Our system takes less than 1 second (depending on the face size) to recognize a facial expression for each image. This is sufficient for real applications as human facial expressions do not change from one state to another in extremely short periods of time. That is why we apply our method to determine facial expressions on video sequences. In the video sequences, each frame is independently processed and both types of features are extracted from it.
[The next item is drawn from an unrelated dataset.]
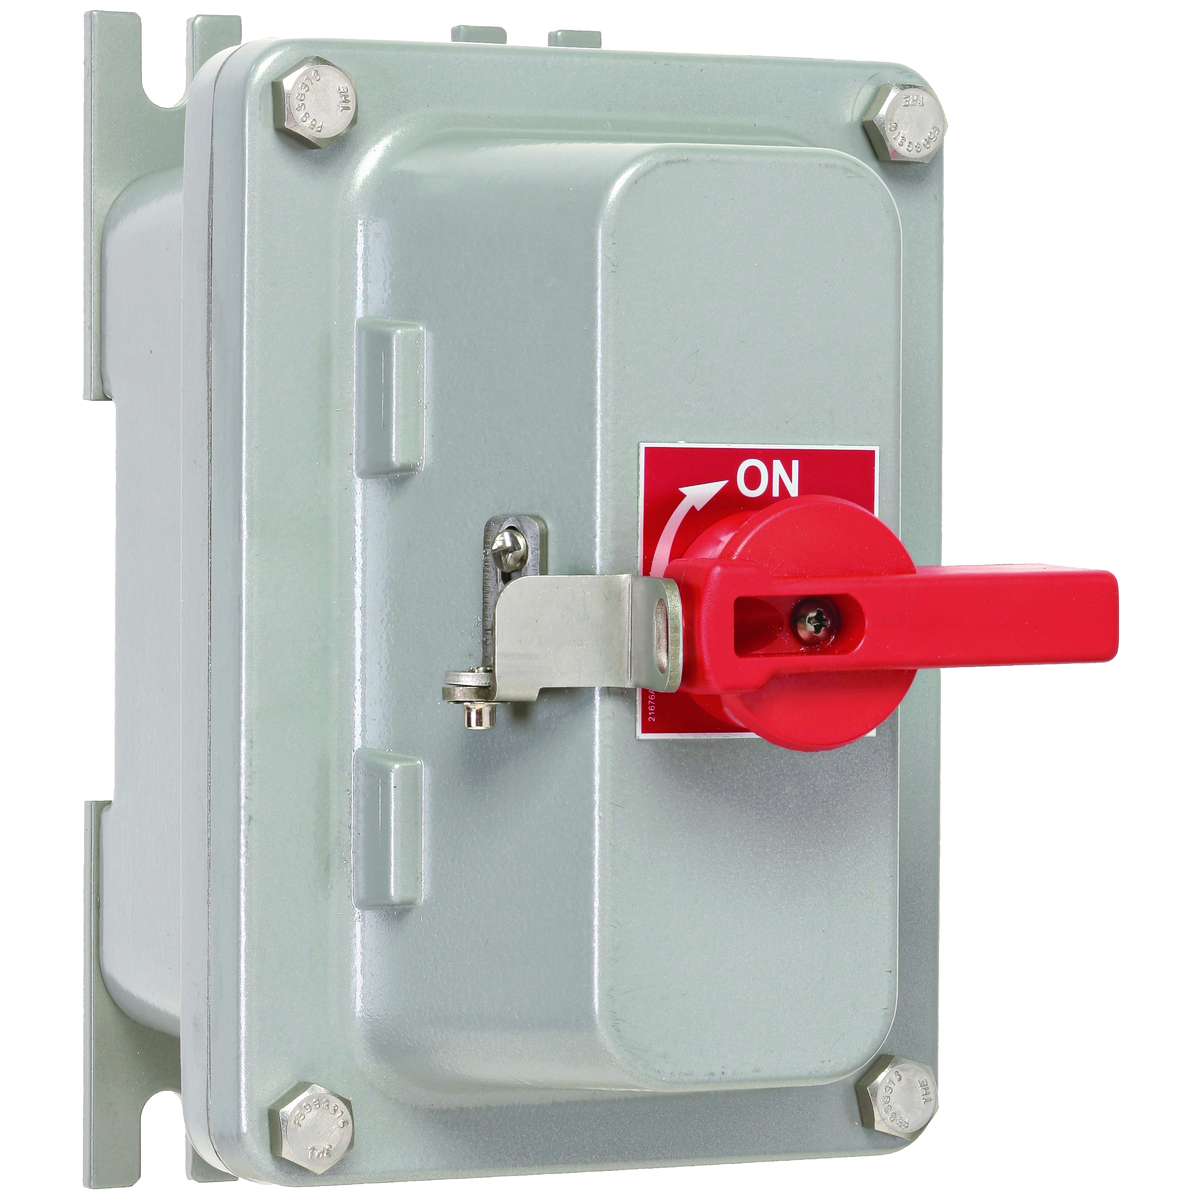 B7NFD SERIES - ALUMINUM FEED-THRU COMPACT NON-FUSED DISCONNECT SWITCHENCLOSURE - 30A
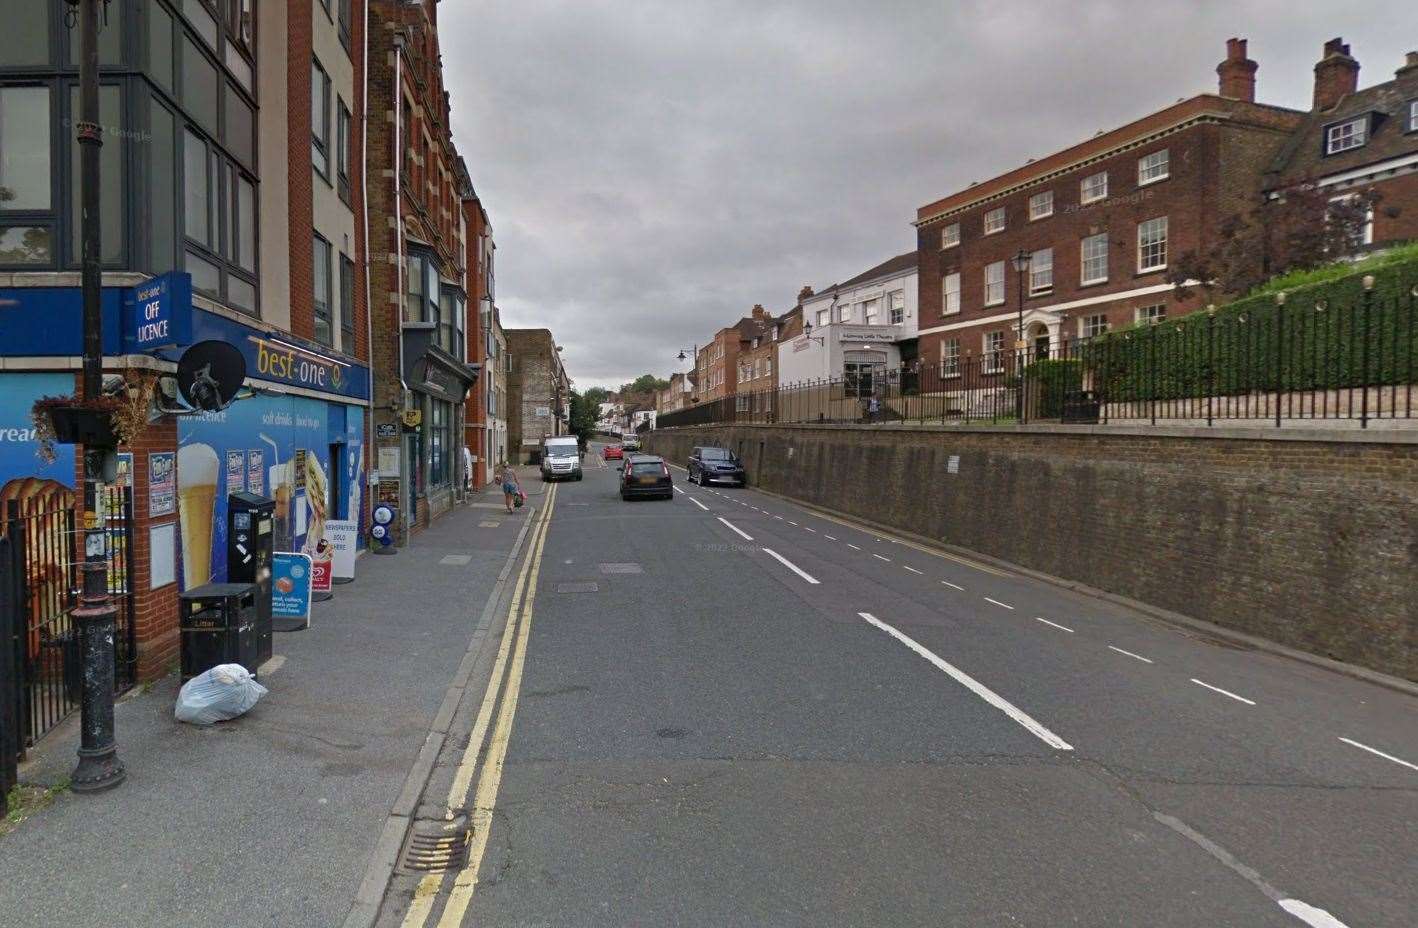 The man was discovered with injuries at a property in Chatham High Street. Picture: Google

For appearance features in this paper, we used the most powerful encoding scheme, LDN, that takes advantage of the structure of the face's textures and encodes it efficiently into a compact code. LDN uses directional information that is more stable against noise than just pixel intensities, to code the different patterns from the face's textures.
In addition, we also considered a geometric approach which does not need information on a person's specific neutral expression. The state-of-the-art geometry-based approaches entail prior-knowledge of person-specific neutral expressions; however such information is not available in real world scenarios. In contrast to that, we extract geometrical features from just 46 facial points. These features do not rely on person-specific-neutral expressions or any temporal information
We also tested a real time implementation of our system to real data. These included youtube videos, privately collected dementia patient videos and footage from our webcam system. Our system's speed was found to be sufficient for real applications and results are promising. We are especially interested in applying our system to the real time monitoring of dementia patient reactions to stimuli over a long period of time. This would be of great benefit to custom fitting therapies for the patients.